Contrary to semi-educated belief, NP-complete problems are not necessarily intractable. Often such problems are intractable, but not always. If a problem is NP-complete, this means that there is no polynomial-time algorithm for solving the problem
- for the worst case,
- as the problem size grows,
- finding exact solutions,
- with certainty,
- as far as anyone knows.
One way out of this (#5) is to show how to solve NP-complete problems efficiently. That may not be possible, and it hasn’t been possible so far, so we’ll not worry about this one. But that still leaves four options:
- special cases
- small problem sizes
- approximate solutions
- probabilistic solutions.
For example, the Traveling Salesman problem is NP-complete. But it’s easy to find solutions for a small number of cities by brute force. And even for a moderate number of cities, people routinely find solutions; there’s even an iPhone app for finding solutions. For larger problems, there are algorithms that yield near-optimal solutions with high probability.
Similar remarks hold for other kinds of problems deemed intractable. For example, some say you can’t find the roots of a 5th degree polynomial. Isn’t that a theorem? No. There’s a theorem that says you cannot find
- exact solutions,
- in general,
- using a finite sequence of certain mathematical operations.

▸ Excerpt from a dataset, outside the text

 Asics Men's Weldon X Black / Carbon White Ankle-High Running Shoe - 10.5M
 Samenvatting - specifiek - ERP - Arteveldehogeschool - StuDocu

So there are three loop holes here:
- approximate solutions,
- special cases, and
- more general operations.
If you only want to find solutions to 100 decimal places, for example, that’s doable.
Most integrals cannot be computed
- by a typical calculus student,
- exactly,
- with certainty,
- in terms of elementary functions.
But often integrals can be computed by some combination of
- more sophisticated exact techniques,
- numerical approximation,
- randomized algorithms, and
- a broader class of functions.
For example, some say that the integral of exp(-x2) cannot be computed. Of course it can, though there is not a finite combination of elementary functions that gives the exact integral. You can compute the integral exactly in terms of the error function erf(x), or compute it numerically to any desired accuracy. You could even approximate the integral with a Monte Carlo method, though there’s no point in using that approach here. For many high-dimensional integration problems, some sort of Monte Carlo is the only practical approach.
Maybe you need to solve a problem for which none of the loop holes given here apply. That’s often the case. I’m not saying that there’s always a way out, only that sometimes there is. Sometimes problems thought to be intractable are not.